A lot of sites have hidden landing pages or products that they direct people too specifically, so a site with a high bounce rate doesn’t necessarily have to be a flawed site if you are sending people to specific pages and they book services or buy products from that page, as it’s served it’s purpose and you don’t necessarily need them to look around your website.  If you want them to then it’s down to the redirection you offer on hidden landing pages as to whether they do.

Bounce rate gives you and idea of how your adwords and organic searches work

A lot of people think the bounce rate is only important on an adwords campaign but it can be important on your organic searches to, as it helps you understand what your customers are doing.  Often sites that do a lot of AdWords campaigns have high bounce rates because they’re directing people via the AdWords to specific services or products.  It doesn’t always means a bad thing as if you’ve set up conversion data you can get good info about how effective your campaigns are.    You may not be aware but one of the tools Google uses to assess the cost of a click is the quality/relevance of your site on an organic level, so if you haven’t bothered with your organic SEO because you get people to your site with AdWords, you’re missing a trick on two fronts.

Why good Organic SEO helps with your AdWords cost?

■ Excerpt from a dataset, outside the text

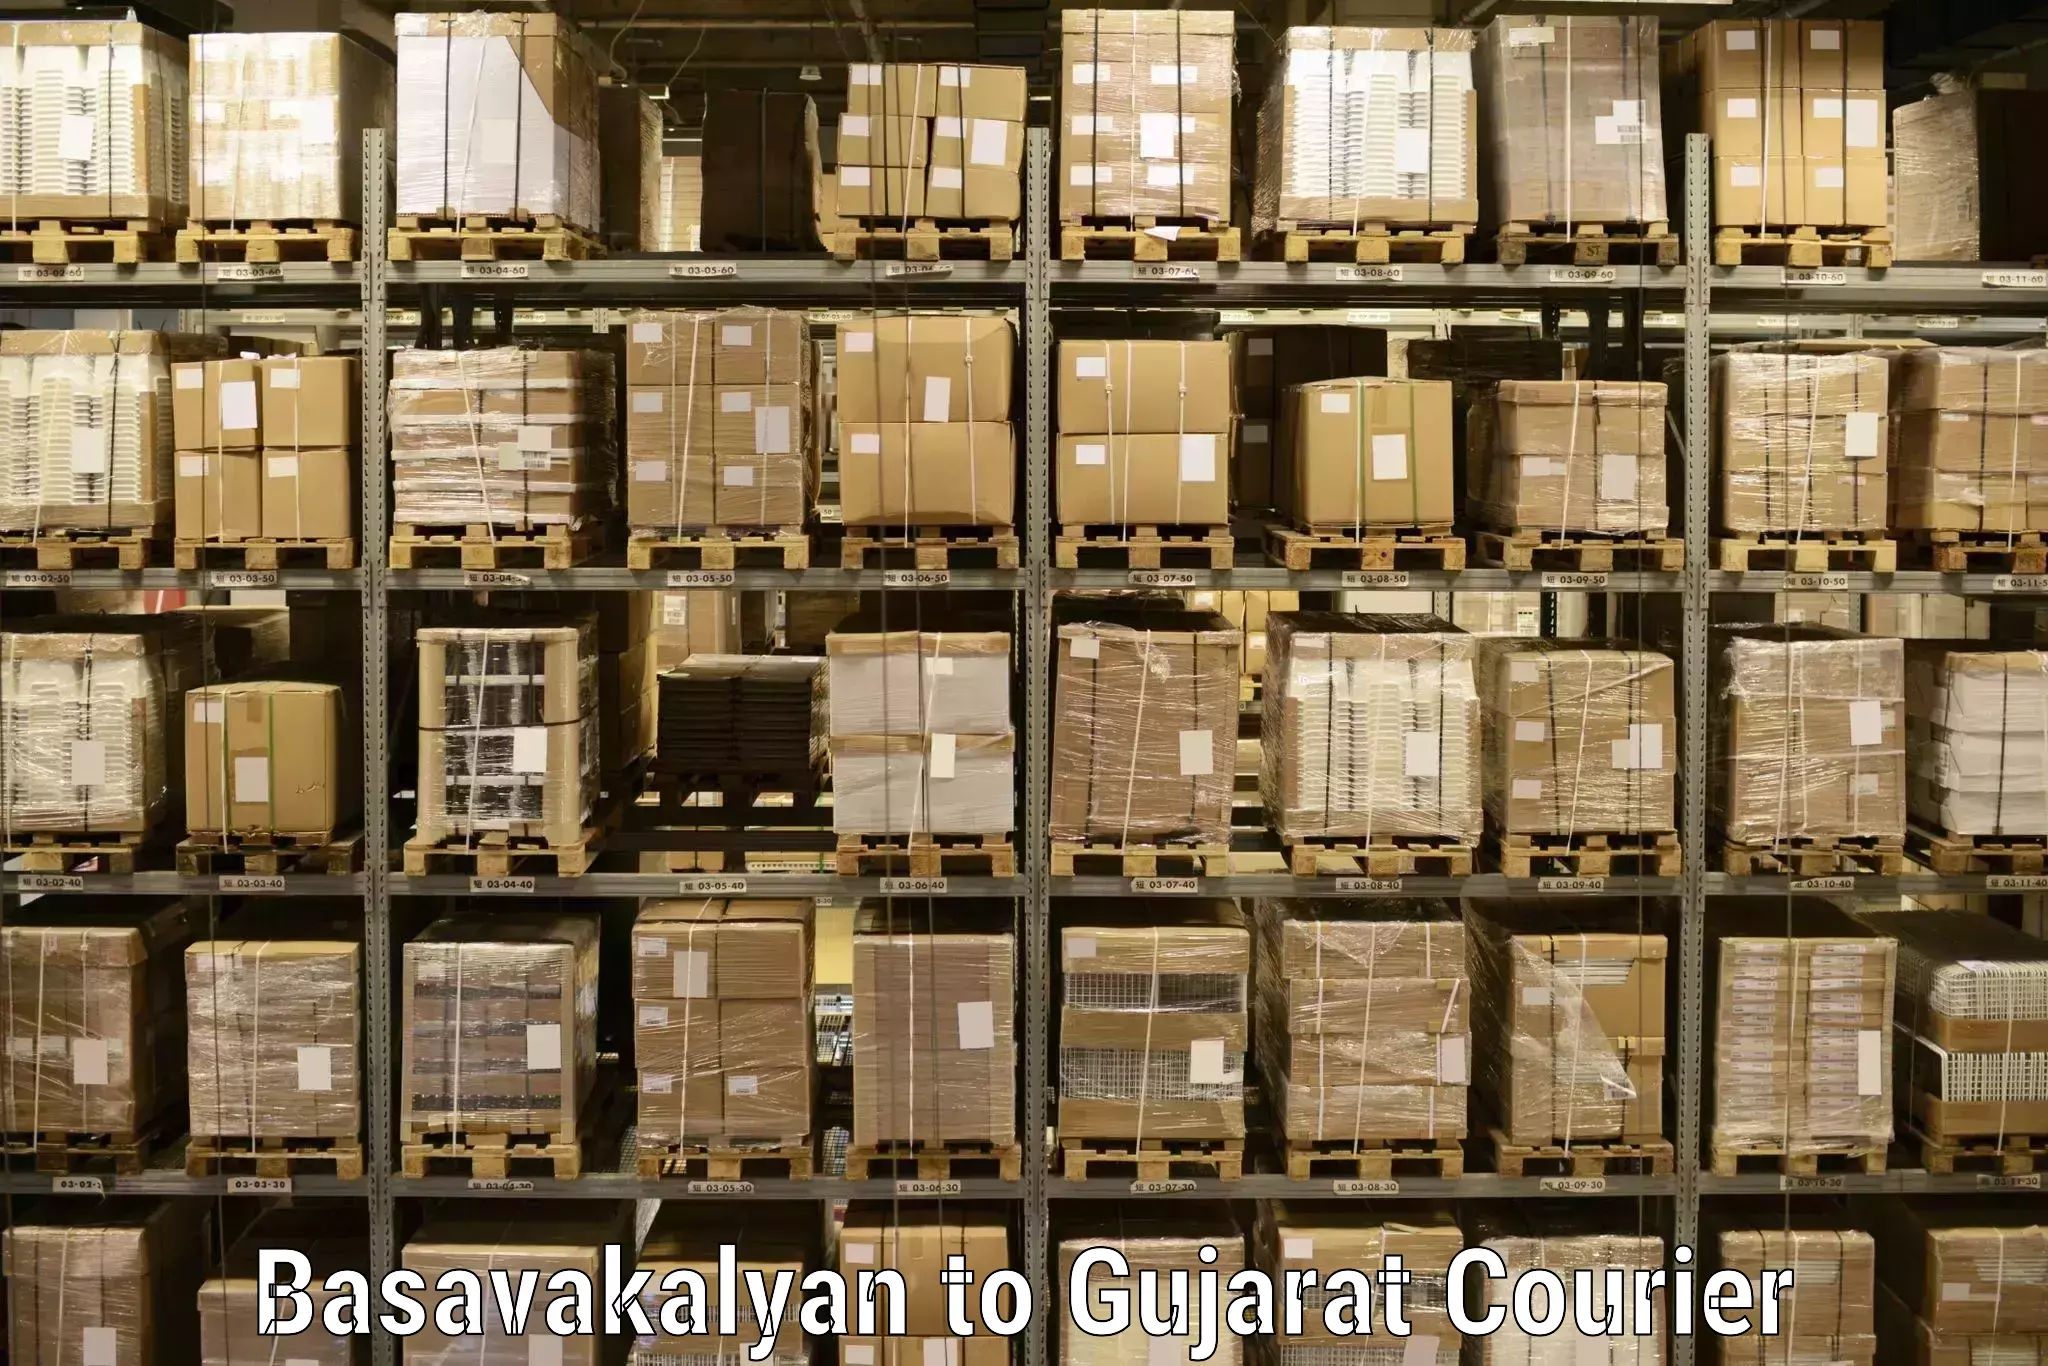 Professional courier handling Basavakalyan to Patan Gujarat

Good does value relevancy on a site, if you haven’t bothered with organic SEO your site may have relevancy issues and sites with poor relevancy pay a premium for adwords.  So when you get good SEO on our website, you not only pick up a higher ratio of free organic searches, the cost of your AdWords tends to come down per click.  Remember that optimising your site organically is cost effective long term and much more sustainable.  When you stop paying Google for your AdWords, the customers stop, if you’re site is well optimised and you keep it updated, it costs very little and the customers keep coming.

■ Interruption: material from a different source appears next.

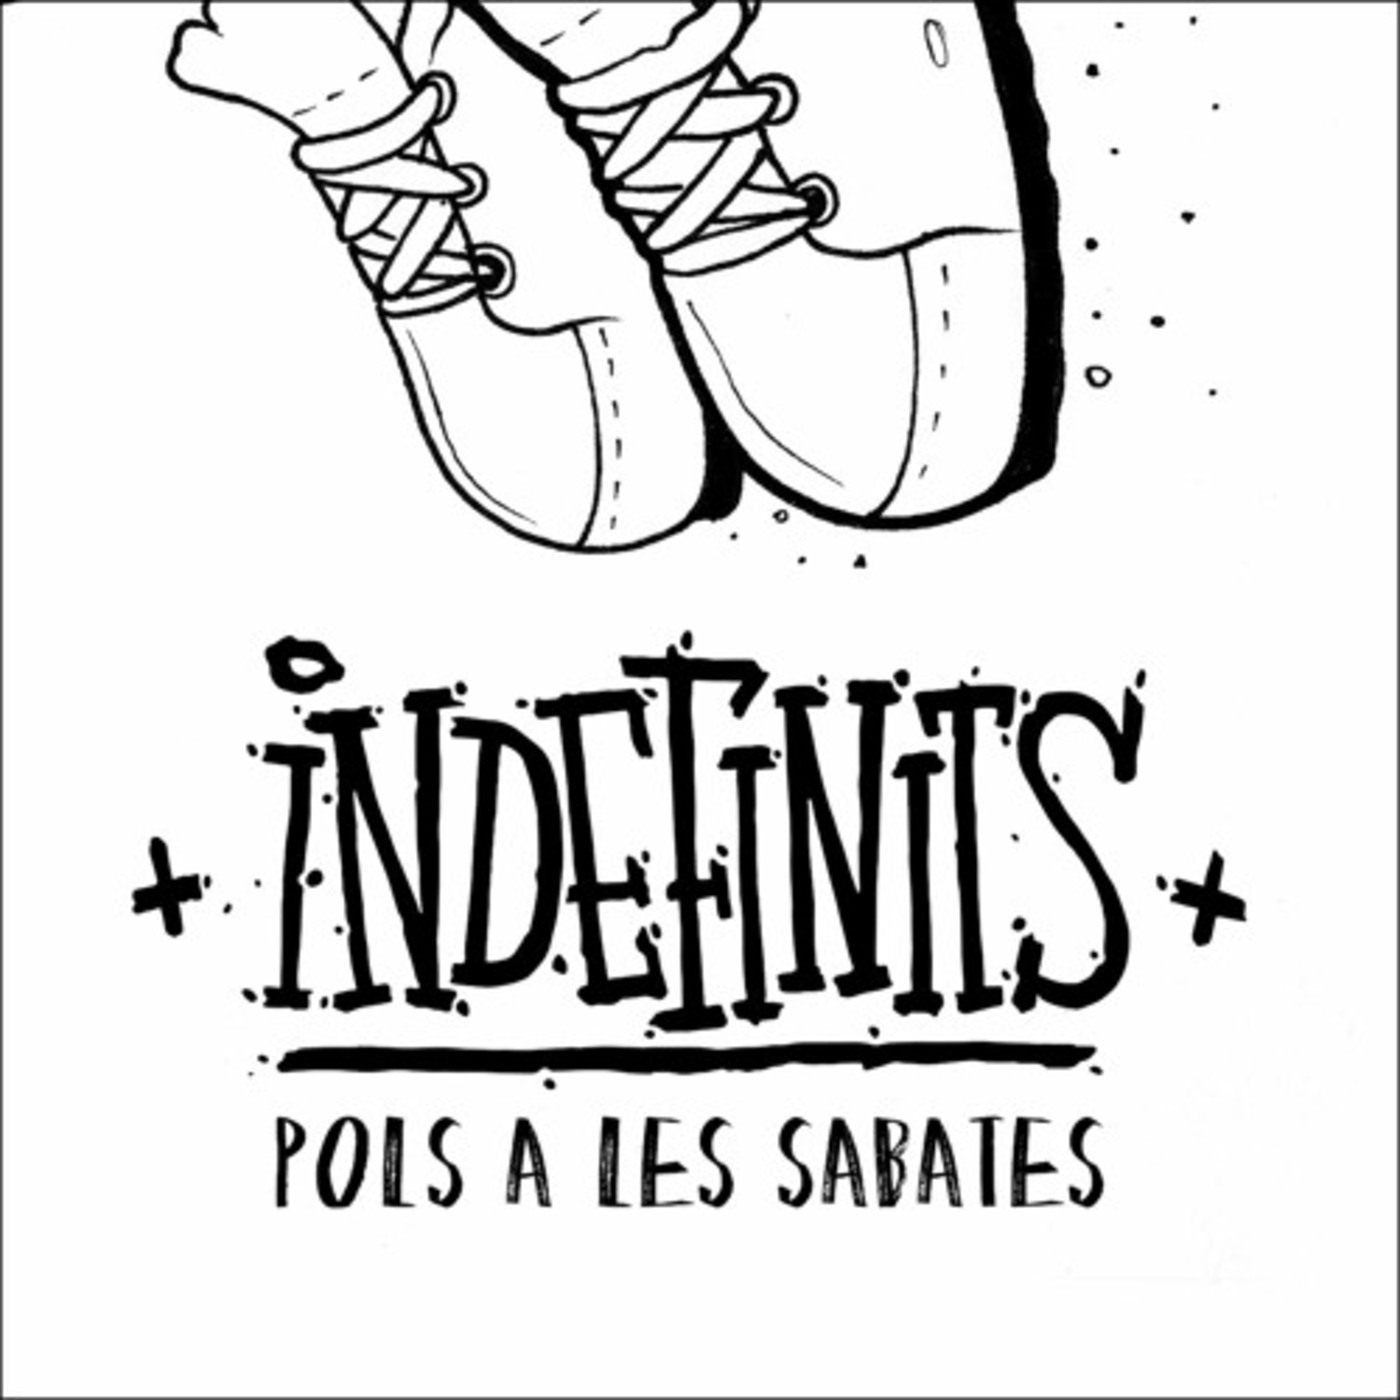 Indefinits - Pols a les sabates | musica en valencià

You can check organic and Adwords Bounce Rates in Google Analytics

The good thing is that Google Analytics can tell you bounce rates on your site in general, on specific pages as well and on your AdWord campaigns.  It can also tell you the number of visitors, where they are coming from, what keywords they used to get there and how long they stayed on your site.   Lots of good reasons for making sure that you sign up for Google Analytics.   It’s not much good having a website if you don’t know what it’s doing for you, is it?

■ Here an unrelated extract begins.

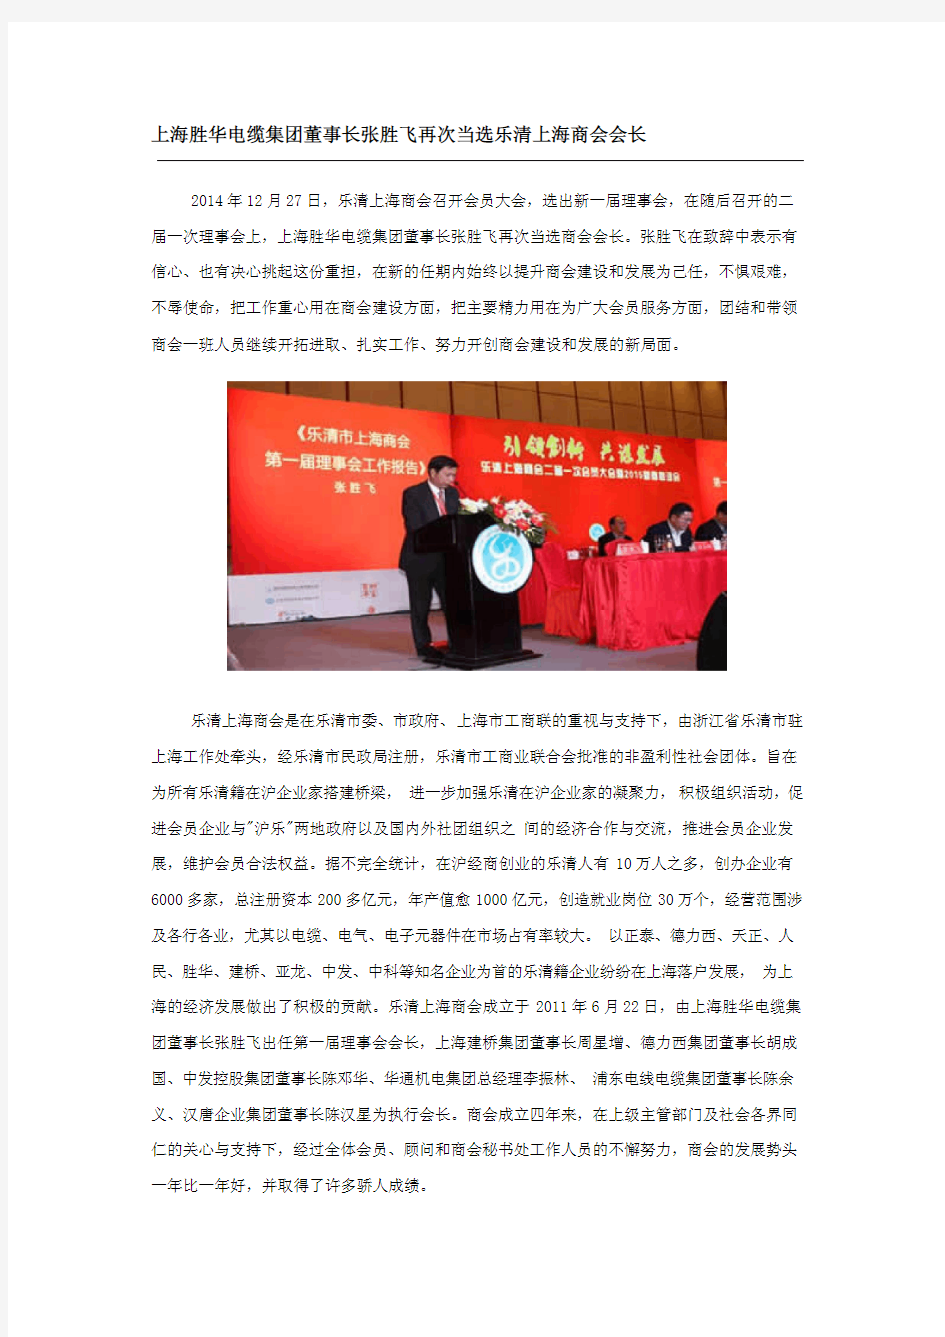 上海胜华电缆集团董事长张胜飞再次当选乐清上海商会会长

Information sites, site using hidden landing pages and Adwords and Ecommerce sites are different in the way bounce rates show

Ideally your bounce rate should be under 50% but a few points over isn’t a major crisis. An information site with no hidden landing pages would want a bounce rate like this.  But sites using AdWords and hidden landing pages and Ecommerce sites tend to have higher bounce rates and this isn’t necessarily a bid thing, but you do need to keep an eye on the stats to ensure they are not disproportionate.  If you’re paying a fortune for AdWords and 98% of the hits are bouncing out without converting to anything, then something is wrong with your AdWords. Equally i’d be worried at a high bounce rate on hidden landing pages (although at least you’re not paying for the clicks unless they’re being used solely for AdWords) as this points to relevancy issues. So keep an eye on your sites, look out for the pages with very high bounce rates and the AdWords campaigns that are costing and not delivery and review things regularly.

Information sites

If you’re site is predominately an information site then note the pages have a much higher bounce rate than others and navigate your users to other areas of your site from these pages, using links, offers, new content. If there is somewhere interesting for them to go they are less likely to “bounce”.  It’s more important on an information site to keep our users moving around the site.